All of the research reviewed so far has used video stimuli in which participants watch people who are simply talking to the camera, or holding a relatively static conversation, and few have involved situations that include or involve hand movements. So, whilst the face provides many useful clues about social information, other aspects of our body also convey important information. A developmental study by Fausey, Jayaraman, and Smith (2016) described an early transition in infant gaze behaviour from mostly fixating faces to increasingly fixating the hands during the first 2 years, which is evidence of the emergence of object relationship and hand cue understanding. We often supplement our verbal language with gestures that are used to resolve ambiguities and thus improve communication (Krauss, Chen, & Chawla, 1996). Similarly, pointing gestures are often used to direct (Langton & Bruce, 2000) or misdirect where we look (Kuhn & Tatler, 2005; Otero-Millan, Macknik, Robbins, & Martinez-Conde, 2011). For example, much of the research on attentional misdirection relies on clips of magicians using misdirection to carry out magic tricks and illustrates that whilst social cues (i.e., where the magician is looking) are important in directing attention, people spend much of their time looking at the magician’s hands (Kuhn & Land, 2006; Kuhn & Tatler, 2005; Kuhn, Tatler, & Cole, 2009; Kuhn, Teszka, Tenaw, & Kingstone, 2016). People also often watch their own hands whilst carrying out goal-directed movements, to ensure they are doing the task correctly (Neggers & Bekkering, 2000). Moreover, Flanagan and Johansson (2003) showed that participants employed a predictive gaze pattern when watching manual actions; thus participants primarily engaged in predicting the next stage of the task being carried out. Another person’s hand movements provide knowledge about what they are doing, and so at times the hands may convey more important information than the face. However, little is known about how these hand movements influence our attentional process and in particular how this may interact with hearing speech.

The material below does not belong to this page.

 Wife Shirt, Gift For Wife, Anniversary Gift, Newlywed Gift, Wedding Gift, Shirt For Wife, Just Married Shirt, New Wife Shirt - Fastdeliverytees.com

Our primary aim was to investigate whether hearing corresponding speech would drive the observers’ eyes to the face, and whether these findings generalize to situations in which people use hand movements to communicate, either by demonstrating a manual activity or by purposefully misdirecting the observer’s attention. There is a general consensus in the literature that we prioritize faces, but faces may become less important when other cues, such as gestures and manual actions, are available. We predicted that when people watch an individual performing a manual task it would reduce the amount of time they spend looking at the face and they would focus on the person’s hands instead. We created three different contexts that varied in the extent to which hands and gestures were used to direct attention. In the monologue condition, a person simply spoke to the camera; although the hands are used for simple gestures, they do not manipulate objects. In the second condition the person talked about a manual activity (making a cup of tea), and the hands conveyed important information as they were used to demonstrate the activity. In the final condition, the hands were used to actively misdirect attention. Here, a magician performed a magic routine in which both speech and hand movements were used to actively misdirect the viewer’s attention.

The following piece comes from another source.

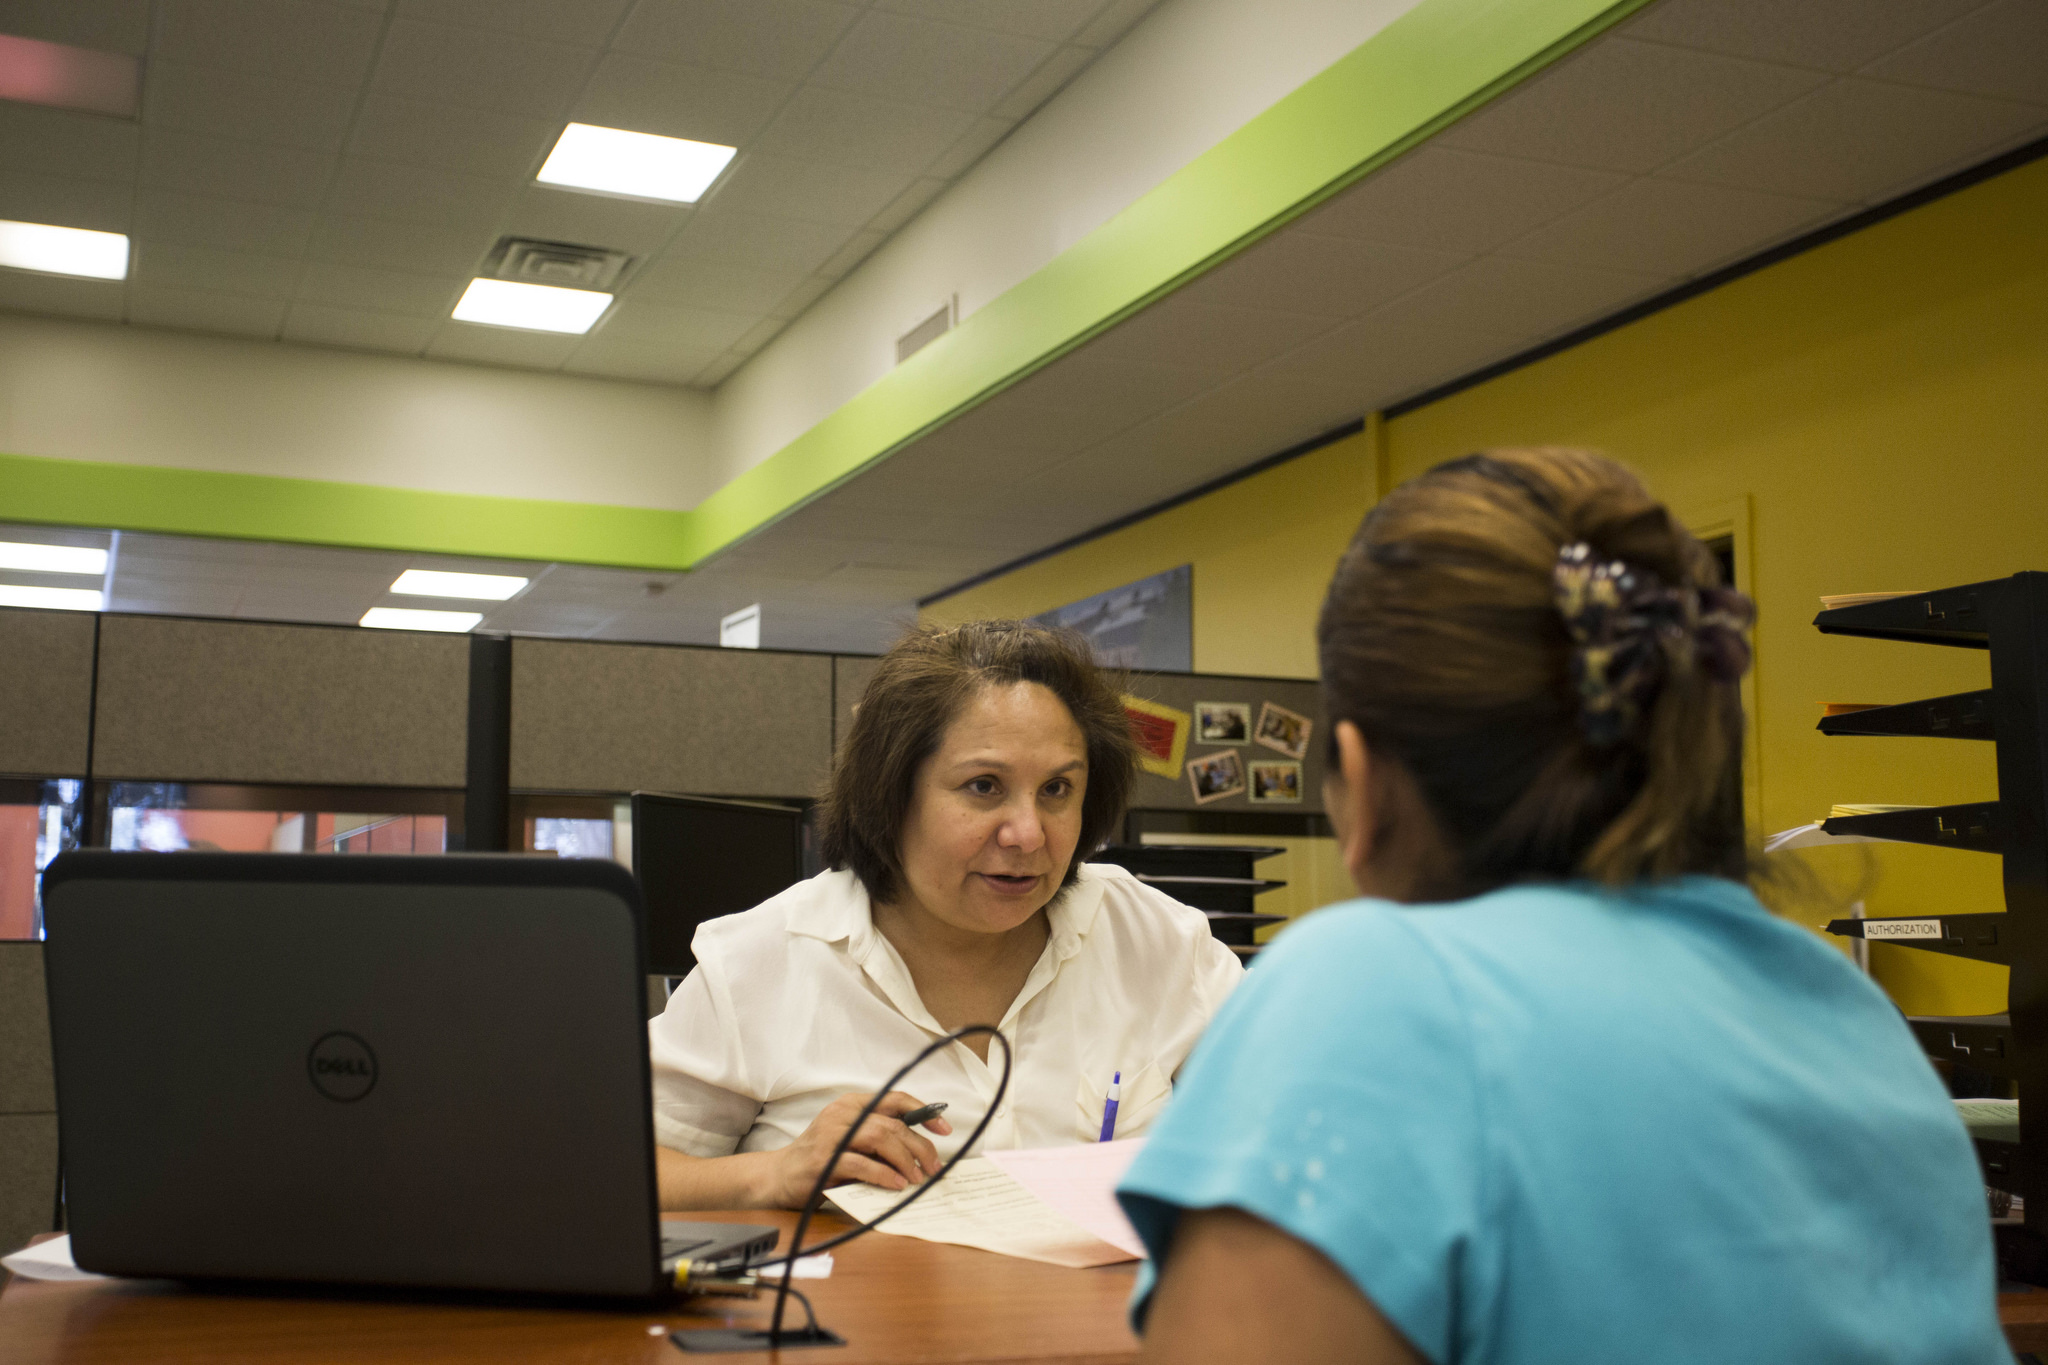 Nora Cadena, of Insure Central Texas at Foundation Communities, assists with enrollment in the Affordable Care Act at a Foundation Communities Community Tax Center in North Austin.

Our second objective was to investigate whether the presence of audible speech will bias people to look at the speaker’s face, and in particular towards the mouth. Based on previous research we predicted that people would spend more time looking at faces, particularly the mouth, if they could hear the interaction compared to viewing the activity with no sound. When the hands are used to convey additional information, social cues derived from the face are likely to be of less importance. We therefore predict that the effect of speech would be most apparent during a monologue where very little other information could be gained from hand movement.

Finally, we explored the role of direct eye contact in attracting attention. Past research suggests that direct eye gaze will automatically capture people’s attention (Senju & Hasegawa, 2005), which implies that people should look at the face whenever eye contact is established. If direct eye gaze automatically captures people’s attention over other salient aspects of a scene, we would expect people to spend more time fixating on faces when eye contact is established, an effect that should be independent of what the person is doing. However, more recently it has been suggested that within a social context we predominantly use our eyes as non-verbal signals (Gobel, Kim, & Richardson, 2015; Kuhn et al., 2016; Wu, Bischof, & Kingstone, 2013), which implies that we have more control over where we look, and thus fixate on the face when there is a communicative benefit as opposed to simply when automatically drawn to it. We therefore predict that direct eye gaze will draw attention more strongly towards the person’s face when the eye contact is directly used to communicate with the observer (i.e., manual action and misdirection) than when the person is simply holding a monologue.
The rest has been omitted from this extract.